Twitter’s a Memory Hole

“…it was an automatic action to lift the flap of the nearest memory hole and drop it in, whereupon it would be whirled away on a current of warm air to the enormous furnaces which were hidden somewhere in the recesses of the building.” – George Orwell, Nineteen Eighty-Four

This weekend, I opened up my Twitter account and read each message I had posted.

Then I deleted it.

And I kept reading and deleting until Twitter stopped showing me my messages – sometime around October 2009.

I started with more than 7200 ‘tweets’ and according to Twitter, I’ve 6,587 remaining.

Now if you visit /garrickvanburen you won’t see any of them. Seems as though Twitter has decided that anything I’ve written prior to, say, October 2009 is no longer available [1]. But – if my profile says I have 6,587 ‘tweets’ – where are they?

I even searched for them via search.twitter.com;

” Older tweets are temporarily unavailable.”

If they’re not accessible – shouldn’t the number be 0?

I’m completely fine with Twitter being temporary. I think it should be (that’s why I mass deleted them anyway). I don’t think Twitter should be indexed by Google or Bing or any other service. The question is – how long should a give ‘tweet’ be accessible?

Nine months seems as arbitrary as 140 character limit and killing off basic auth in August.

So, how long should a ‘tweet’ live?

If Twitter’s goal is to capture the zeitgeist in real-time, how long does it take for a moment to pass?

5 minutes? 1 hour? 24 hours? 1 beat?

Update 25 June 2010: As of this morning, my Twitter account reads ‘0 tweets’. Makes me feel that Twitter doesn’t see any value in keeping the old stuff around and accessible. Feels very Logan’s Run. Not sure how I feel about this yet.

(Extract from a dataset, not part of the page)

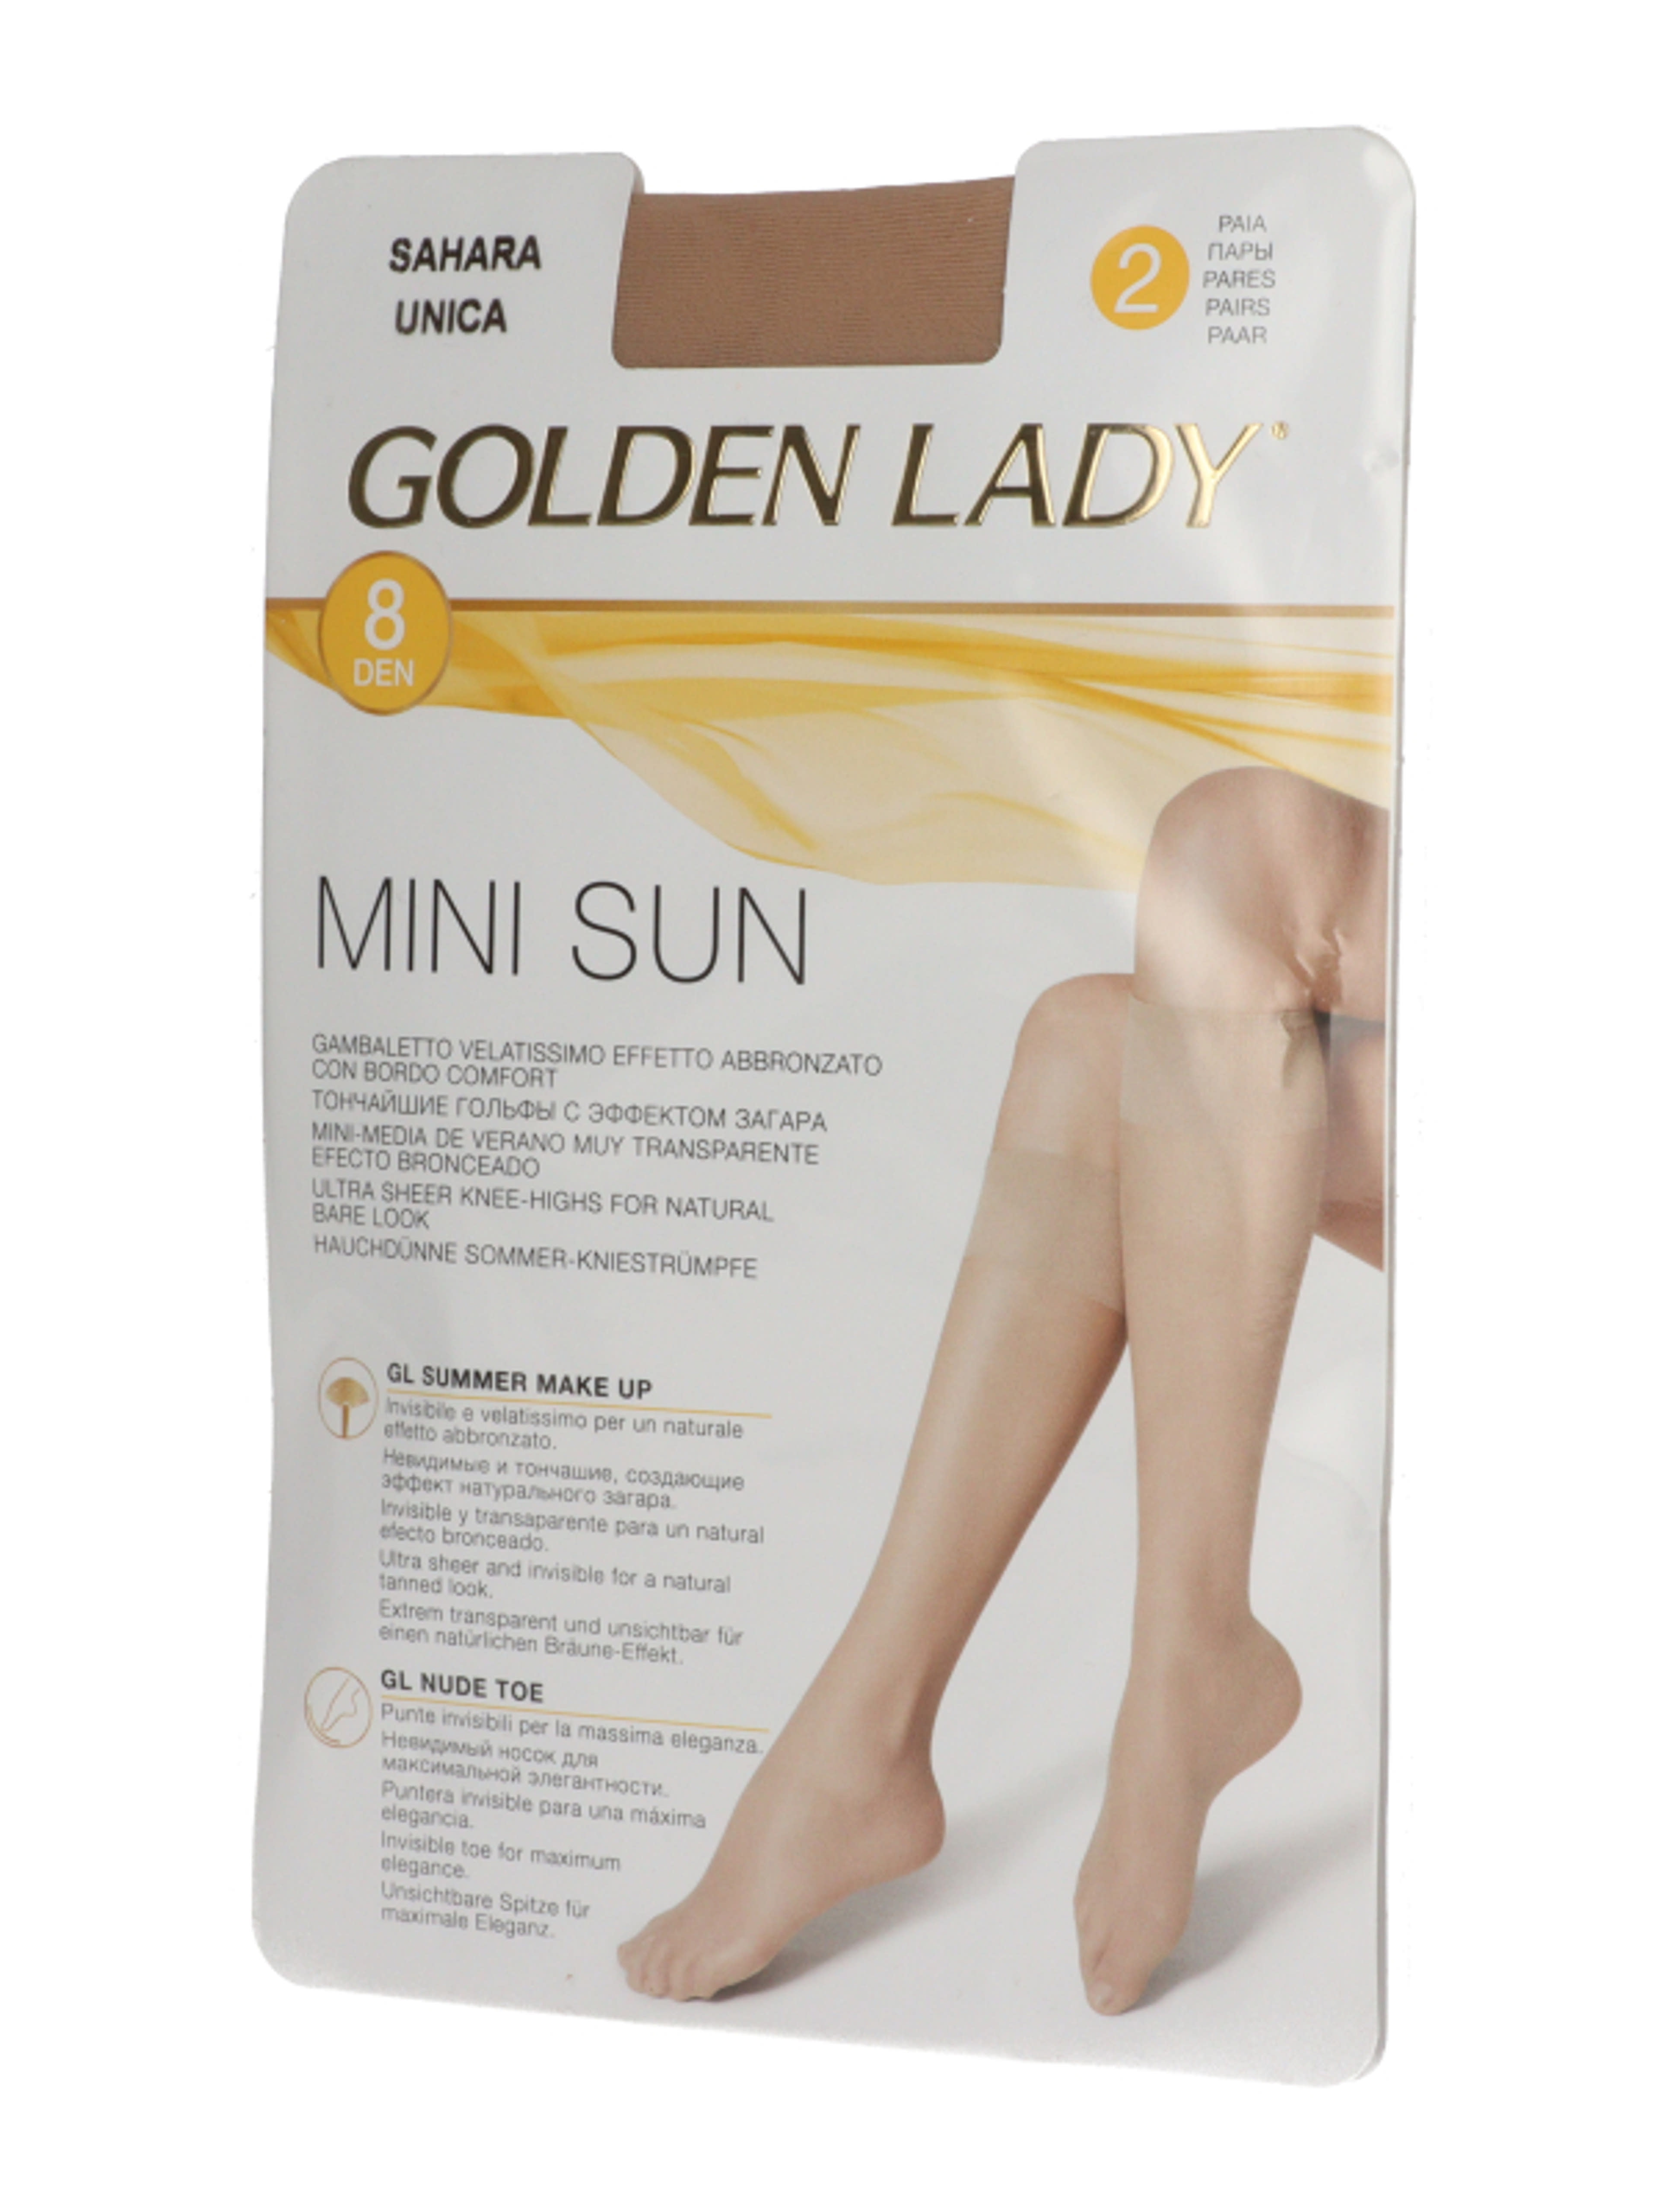 Golden Lady Mini Sun térdfix 8 Den Sahara - 2 db-2

5 replies on “Twitter’s a Memory Hole”

  1. I agree Garrick. Twitter doesn’t feel like an archival system to me. Many others (majority?) may disagree with that premise. But, it feels like mass messaging or group instant messaging much more than creating an archive (rich or not).

    You could use my tweet expiration script to do this on a rolling basis.

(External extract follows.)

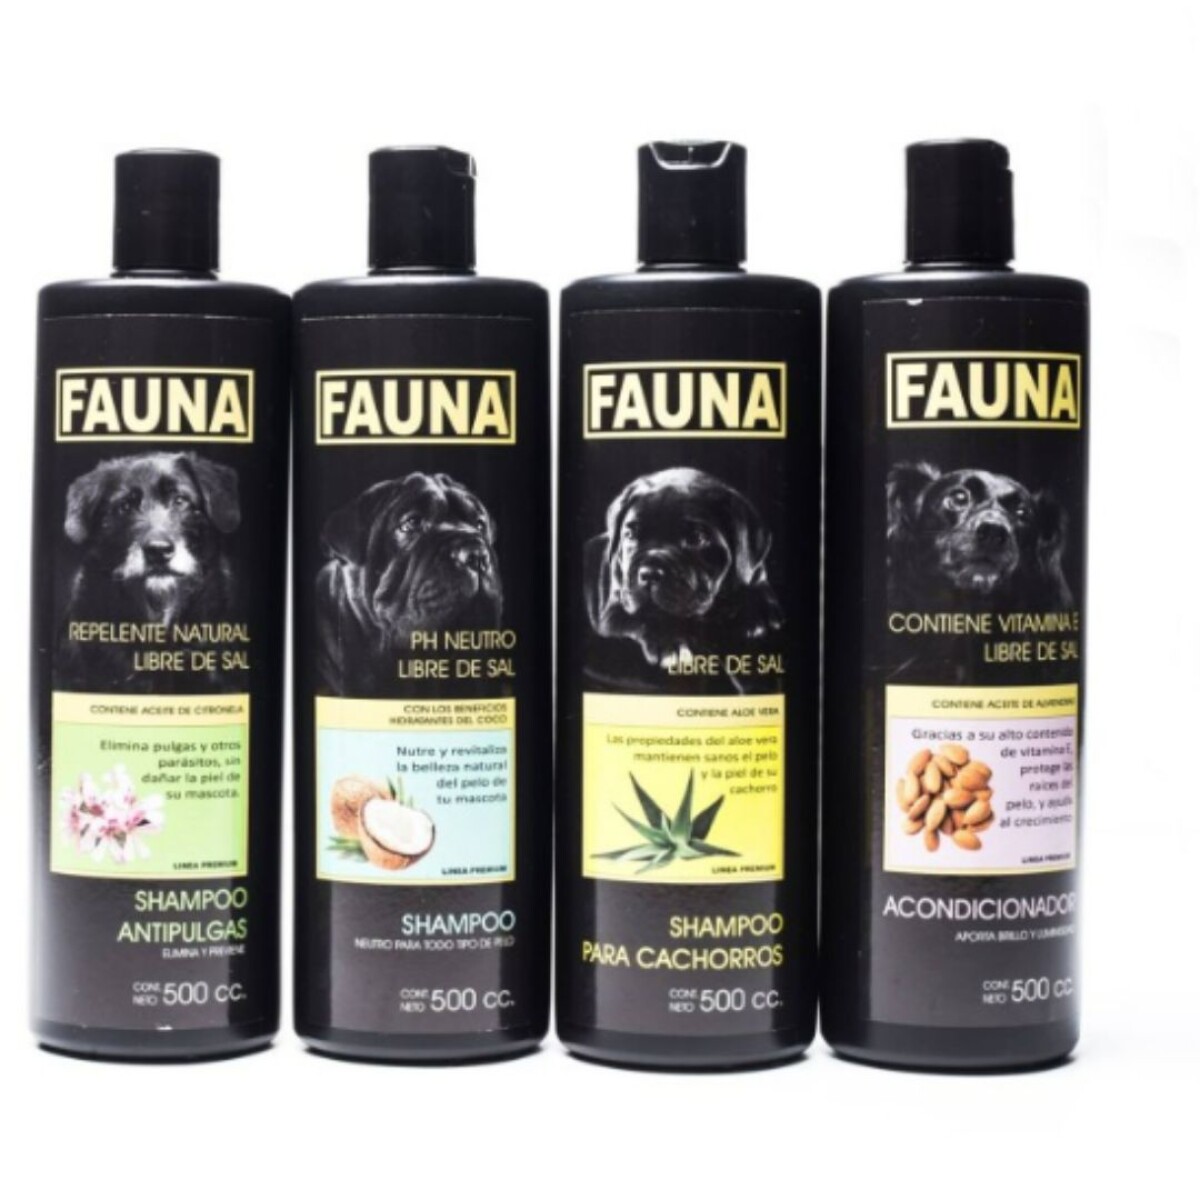 Shampoo Fauna 500 Cc

    I sincerely wish Twitter would just add this as a feature so you could set an expiration period in days for your Tweets. Of course they have no more reason to do that than Google Mail has to actually encourage you to delete email.

    And that is the rub. It’s not to help you (meaning, us, the user) but to help them better advertise at us.

  2. Also, when I tried import all my tweets into WordPress I ran into this same problem of not being able to see my entire archive. A kind person commented on my frustration and it seems you can only get the most recent 3,200 tweets.

    Why 3,200? I have no idea. Twitter should possibly create a Department of Arbitrary Numbers.

    It seems you cannot access those older Tweets. It’s unclear to me if deleting your account removes them.

  3. I think you should buy a shiny new spiral notebook and write Twitter in blue letters on the front. Every time you have a pithy thought, write it on a new page. Then rip this page out and either share it with someone (preferably via US Mail) or throw it in the trash. This technique will not only expand your content capacity beyond the 140 character, but it will also save you the trouble of having to delete tweets.